DQN RL with Axon/Nx

I’m experimenting with DQN algorithms and wanted to use Axon/Nx to test some ideas. However, the Loop API does not seem to be a good fit for such reinforcement learning algorithms, as they need to use the model parameters for prediction after each batch (predictions and training are interspersed).

Is there a better approach than coding my own training API for now?

Can you elaborate on the limitations you’re running into?

Okay, I did some research and I think I see where you are running in to problems, but I think there are a couple of ways you can overcome these limitations. As a caveat, I haven’t done much RL.

As I understand, you maintain some experience replay which contains state transition information. At each step, you select an action from the input environment:

defn select_action(model, params, step, observation) do
  random = Nx.random_uniform({})
  # Epsilon greedy
  eps = (@eps_end + (@eps_start - @eps_end)) * Nx.exp(-1.0 * step / @eps_decay)
  if eps > @threshold do
    # Take model action (exploit)
    model
    |> Axon.predict(params, observation, mode: :inference)
    |> Nx.reduce_max()
    |> Nx.reshape({1, 1})
  else
    # Take random action (explore)
    Nx.random_uniform({1, 1}, 0, @n_actions, type: {:u, 64})
  end 
end

Okay so now we have a function which selects actions, our next step would be to define an optimization step, you can do this more granule with the optimization API itself, but it’s more verbose. This will create a single update function which updates model and optimization parameters behind the scenes. Assuming you have a step state with train_state as fields:

defn optimization_step(step_fn, train_state, sampled_experiences) do
  sampled_observations = sampled_experiences[:observations]
  expected_state_action_values = get_expected_values(sampled_experiences)
  # Train step, assuming you optimize model to predict Q
  step_fn.(step_state[:train_state], {sampled_observations, expected_state_action_values})
end

Now you need to combine these into an actual step that loop recognizes, notice this doesn’t need to be defn, and in this case it shouldn’t be because we need to do some things off the device:

def step(state, obs, model, train_step) do
  # Do whatever you need to do to get an observation from environment,
  # if environment is a process, you can store it in the train_state, here I assume
  # that `obs` which is essentially batch equates to querying the environment for 
  # something specific
  obs = get_observation(obs, state[:env])
  # Select action based on environment/observation
  action = select_action(model, state[:train_state][:params], state[:train_state][:i], obs)

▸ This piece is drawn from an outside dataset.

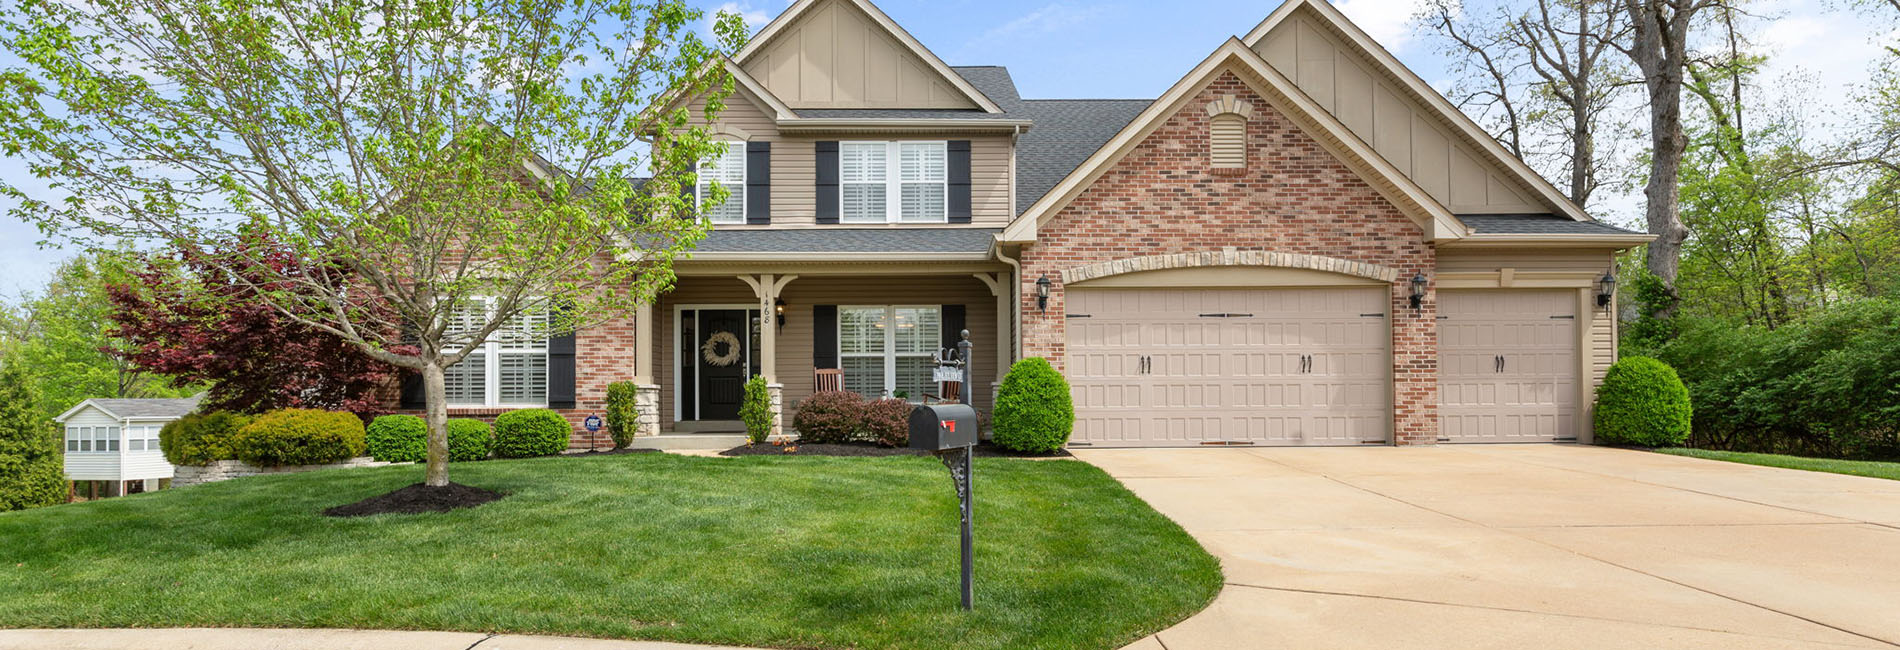 1468 Ivy View Ct. | Charming Residence!

  # Get experience from action
  {experience, new_env} = act(action, env)
  
  # If we have enough experiences in the experience relay, then we can sample and optimize!
  new_train_state =
    if Enum.count(state[:experiences]) > @batch_size do
      optimization_step(train_step, state[:train_state], Enum.take_random(state[:experiences], @batch_size)
    else
      state[:train_state]
    end

  # Add experience to replay
  new_experiences = [experience | step_state[:experiences]

  # Return updated step state with new environment, experience replay, and train state  
  %{
    train_state: new_train_state,
    experiences: new_experiences,
    env: env
  }
end

We also need to initialize in some way:

def init(train_init, compiler) do
  fn ->
    train_state = Nx.Defn.jit(train_init, [], compiler: compiler)
    env = init_env()
    %{
      train_state: train_state,
      experiences: [],
      env: init_env
    }
  end
end

And now we can construct the loop:

# Build the Axon model
model = build_model()

# Create the train step, huber loss, rmsprop optimizer
{train_init, train_step} = Axon.Loop.train_step(model, :huber, :rmsprop)

# Build the actual loop from init and step defined above, assuming we're interacting with
# an environment that is a process or something, we just pass dummy data which equates
# to max steps per episode, if you have something more meaningful, that works
train_init
|> init(EXLA)
|> Axon.Loop.step(&step(&1, &2, model, train_step)
|> Axon.Loop.run(1..@max_steps, epochs: @max_epochs, compiler: EXLA)

This is a very rough, off the top of my head outline of how I would solve the problem. It’s hard for me to come up with a concrete solution without working through it myself. There are other ways. For example PyTorch Ignite uses event handlers in a more sophisticated way to update the model. I will put RL examples on my backlog of things to add to the repository. I am currently reworking one of my older libraries which can interact with the Arcade Learning Environment from Elixir to add some easier to work with RL examples.

I hope this helps, let me know if you have any questions!

3 Likes

Wow, that’s awesome! Thanks for such a detailed answer @seanmor5 !

I’ll start from there and keep you posted. Thanks again!